— Mam nadzieję, że to nie śnieżyca. Są tu
niestety stosunkowo częste — zauważyła Laverne w którymś, bliżej
nieokreślonym momencie ich wędrówki.
Wszędzie
dookoła było biało. Białe były zaspy leżące na ziemi, białe były płatki
wściekle wirujące wokół nich i bijące ich po oczach, bieli byli oni
sami, przysypani już śniegiem od łap do głów. Enyalios nie wiedział, jak
długo już tak szli. Tematy na rozmowy jednak zdawały się w ogóle nie
topnieć, przeżyli razem tyle lat, że mieli mnóstwo historii do
przypomnienia sobie, zarówno tych szczęśliwych, jak i tych smutnych czy
strasznych. Zaletą był również fakt, że nie tylko należeli do ciekawej
społeczności, lecz również mieszkali niedaleko równie ciekawego miasta,
dlatego też, gdy nie wiedzieli już, co mogą powiedzieć o sobie samych,
rozmawiali o innych.
— Tak, to
prawda — westchnął samiec, sam nie wiedząc, czy ze względu na widmo
grożącej im zamieci, czy po prostu przez to, że coraz bardziej brakowało
mu już tchu. — Starzejemy się, co? — sapnął, gdy pokonali kolejne
kilkanaście kroków. — Kondycja już nie ta — roześmiał się cicho.

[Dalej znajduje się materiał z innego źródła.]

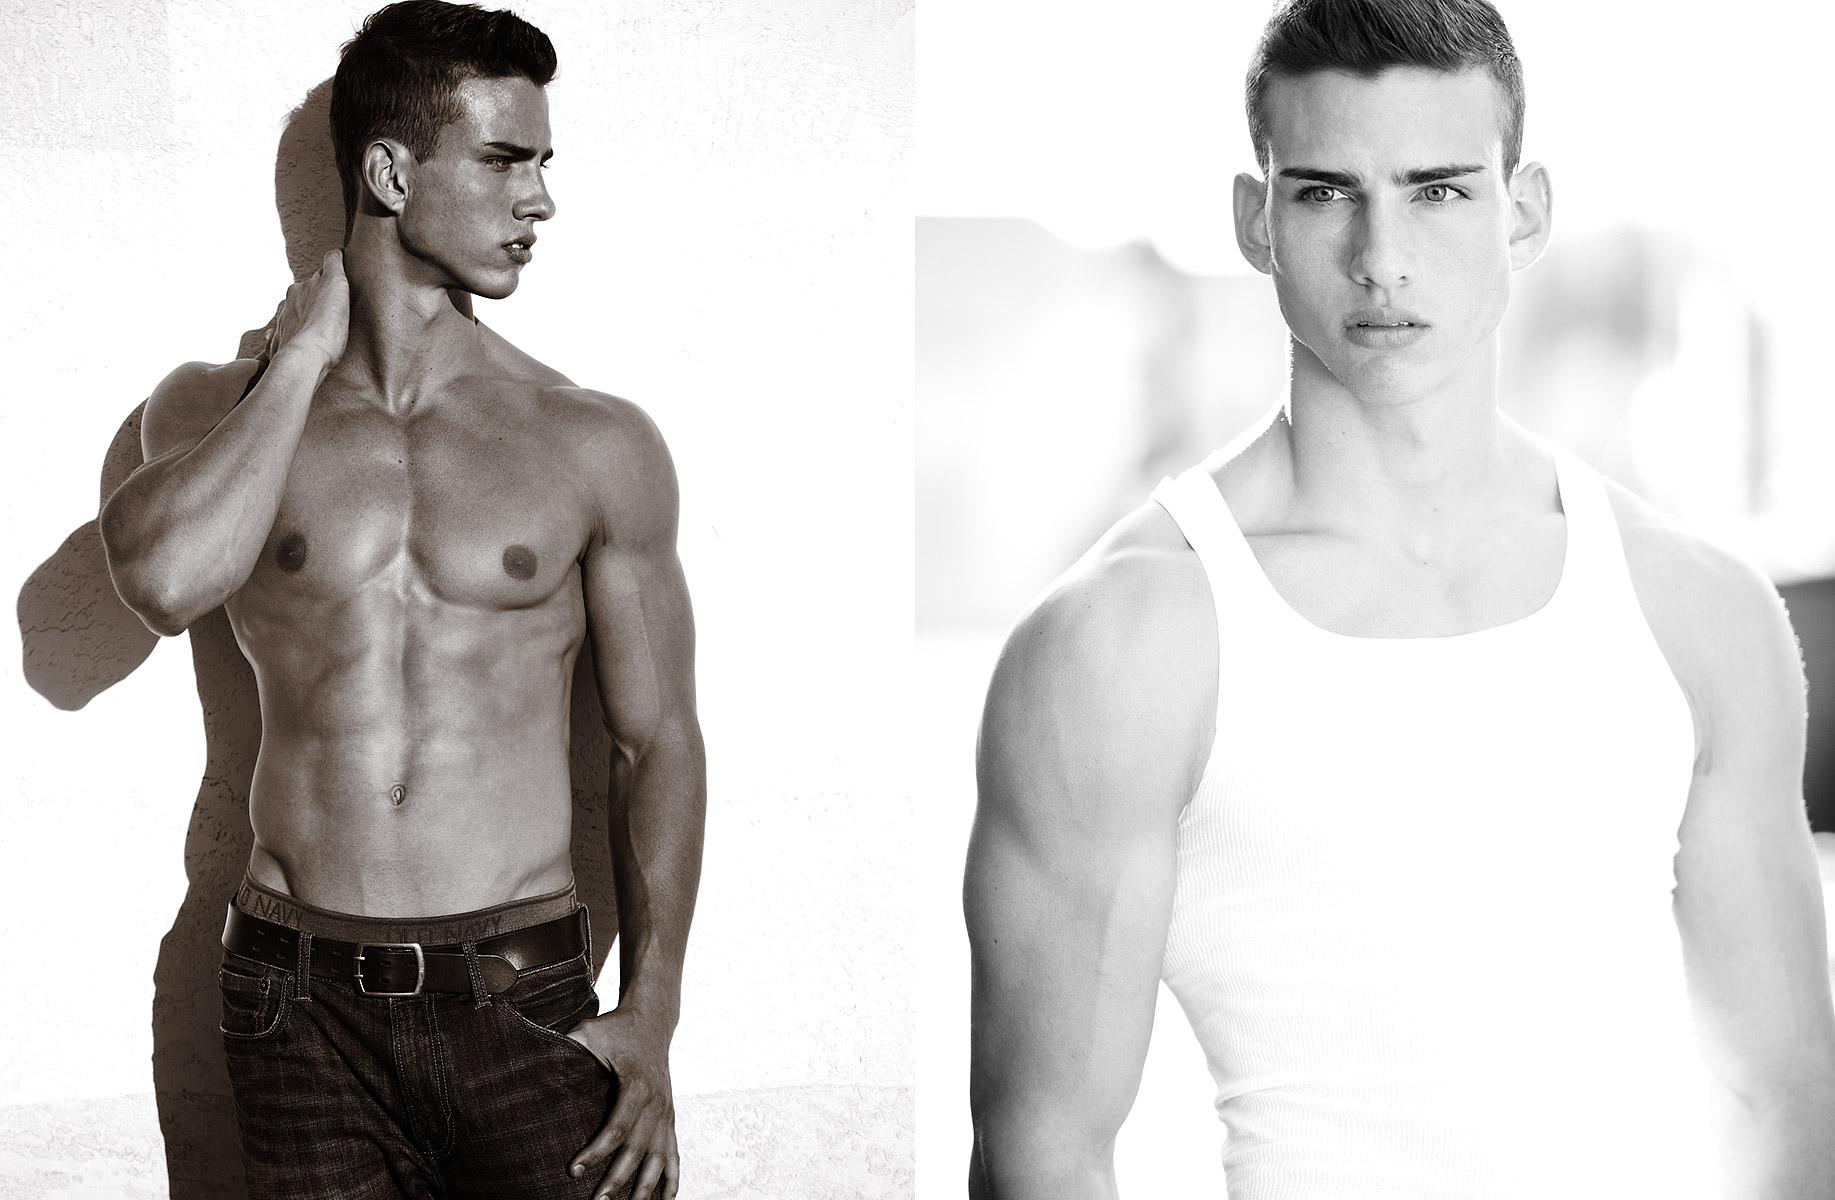 new-mexico-albuquerque-male-models-men-9.jpg

— Nie wiem, o czym mówisz, to ty tu jesteś starszy — prychnęła Laverne, lecz sama wyraźnie również traciła siły.
— Już niedaleko, czuję to w kościach — uśmiechnął się delikatnie.
— Kiedy to zrobiła się z ciebie taka wyrocznia? — odpowiedziała mu ukochana. Tym razem zaśmiali się oboje.
Wiatr
jedynie przybierał na sile. Zawodził jak wilk czy niezwykle smutny
pies, być może przewidując to, co miało za jego sprawą wydarzyć się
jeszcze tego samego dnia. Płatki śniegu zamieniły się w całe jego
bryłki, posklejany puch uderzał w nich ze wszystkich stron. Co chwila
musieli przystawać, by otrzeć posklejane nim oczy.
— Może zatrzymamy się i przeczekamy tę zawieję? — zaproponowała w pewnym momencie Lav.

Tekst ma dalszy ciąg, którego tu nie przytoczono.